Optimizing compilers have traditionally made code faster and smaller (sometimes a choice has to be made between faster/larger and slower/smaller). The huge growth in the use of battery power devices has created a new attribute for writers of optimizers to target, finding code sequences that minimise power consumption (I previously listed this as a major growth area in the next decade). Radiation (e.g., from cosmic rays) can cause a memory or processor bit to flip, known as a soft error, and I have recently been reading about how code can be optimized to reduce the probability that soft errors will alter the external behavior of a running program.

The soft error rate is usually quoted in FITs (Failure in Time), with 1 FIT corresponding to 1 error per 10^9 hours per megabit, or 10^-15 errors per bit-hour. A PC with 4 GB of DRAM (say 1000 FIT/Mb which increases with altitude and is 10 times greater in Denver Colorado) has a MTBF (mean time between failure) of 1000 * 10^-15 * 4.096 * 10^9 * 8 = 3.2 10^-2 hours, around once every 33 hours. Calculating the FIT for processors is complicated.

Uncorrected soft errors place a limit on the maximum number of computing nodes that can be usefully used by one application. At around 50,000 nodes a system will be spending half its time saving checkpoints and restarting from previous checkpoints after an error occurs.

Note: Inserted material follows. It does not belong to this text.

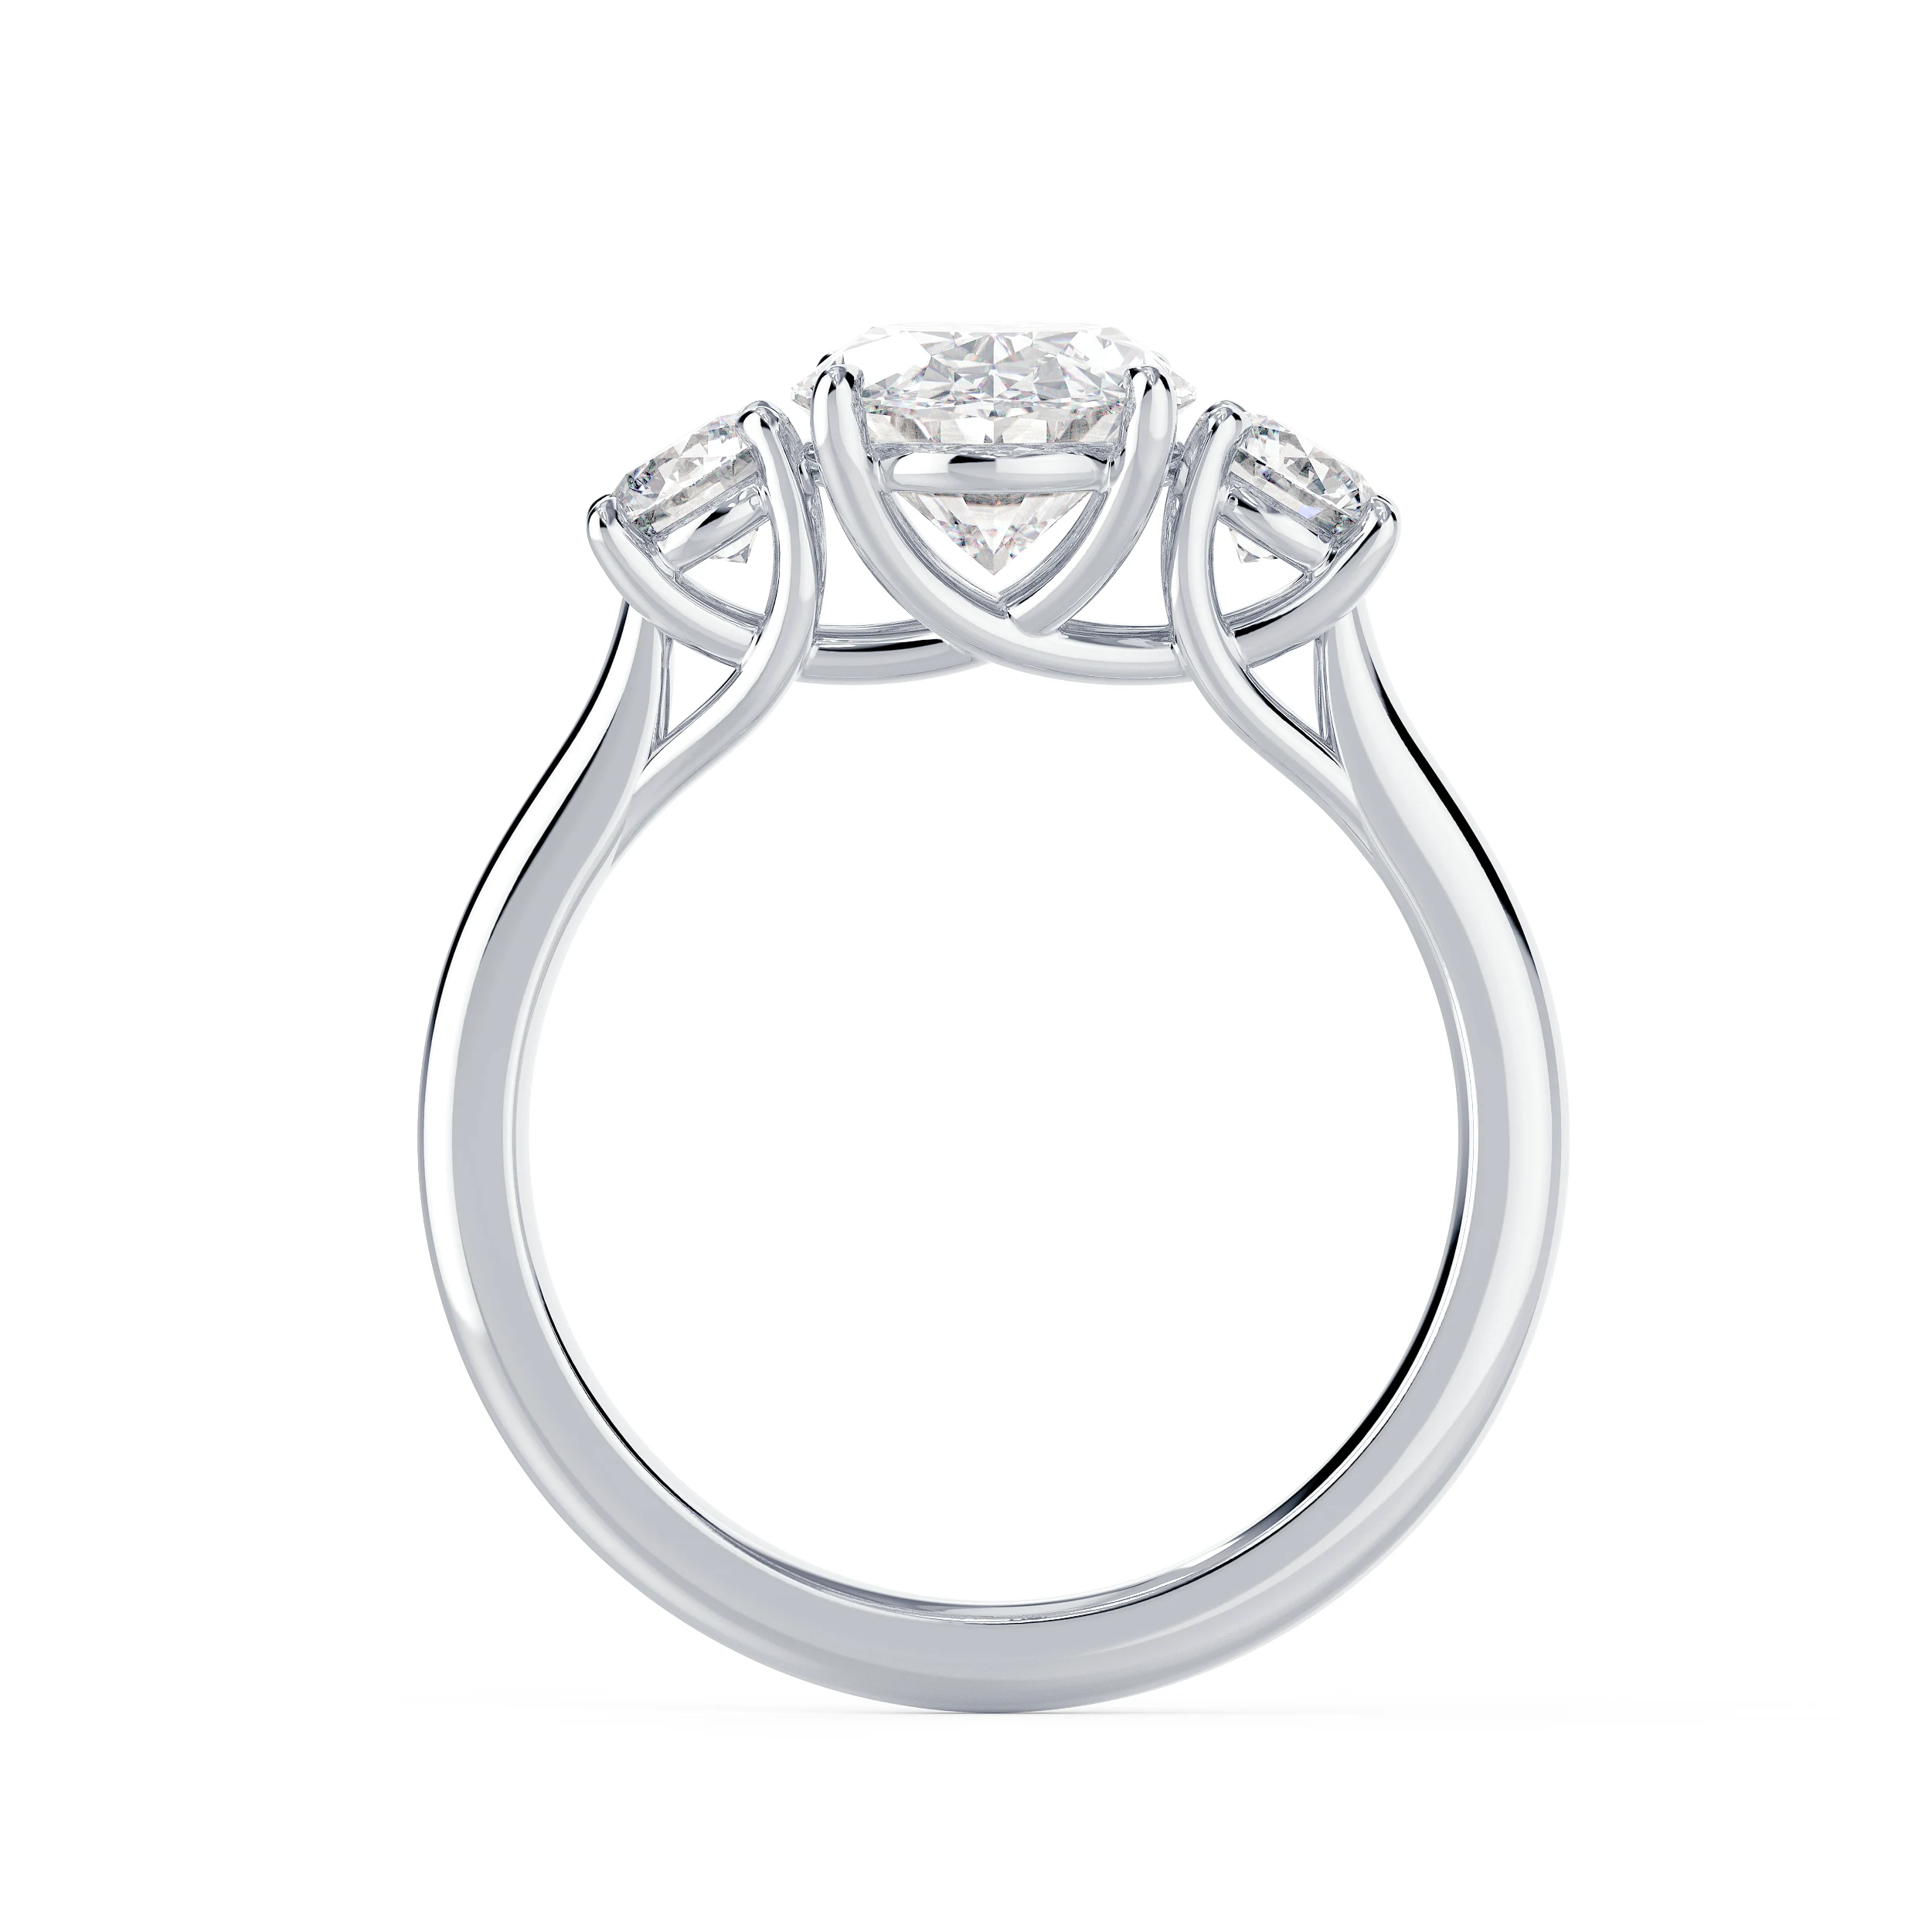 Man Made Diamonds set in White Gold Oval and Round Setting (Profile View)

Why not rely on error correcting memory? Super computers containing terrabytes are built containing error correcting memory, but this does not make the problem go away, it ‘only’ reduces it by around two orders of magnitude. Builders of commodity processors don’t use much error correction circuitry because it would increase costs/power consumption/etc for an increased level of reliability that the commodity market is not interested in; vendors of high-end processors add significant amounts of error correction circuitry.

Most of the compiler research I am aware of involves soft errors occurring on the processor and this topic is discussed below; there has been some work on assigning variables deemed to be critical to a subset of memory that is protected with error correcting hardware. Pointers to other compiler research involving memory soft errors welcome.

A commonly used technique for handling hardware faults is redundancy, usually redundant hardware (e.g., three processors performing the same calculating and a majority vote used to decide which of the outputs to accept). Software only approaches include the compiler generating two or more independent machine code sequences for each source code sequence whose computed values are compared at various check points and running multiple copies of a program in different threads and comparing outputs. The
Shoestring compiler (based on llvm) takes a lightweight approach to redundancy by not duplicating those code sequences that are less affected by register bit flips (e.g., the value obtained from a bitwise AND that extracts 8 bits from a 32-bit register is 75% less likely to deliver an incorrect result than an operation that depends on all 32 bits).

The reliability of single ‘thread’ generated code can be improved by optimizing register lifetimes for this purpose. A value is loaded into a register and sometime later it is used one or more times. A soft error corrupting register contents after the last use of the value it contains has no impact on program execution, the soft error has to occur between the load and last use of the value for it to possibly influence program output. One group of researchers modified a compiler (Trimaran) to order register usage such that the average interval between load and last usage was reduced by 10%, compared to the default behavior.

Developers don’t have to wait for compiler or hardware support, they can improve reliability by using algorithms that are robust in the presence of ‘faulty’ hardware. For instance, the traditional algorithms for two-process mutual exclusion are not fault tolerant; a fault tolerant mutual exclusion algorithm using 2f+1 variables, where a single fault may occur in up to f variables is available.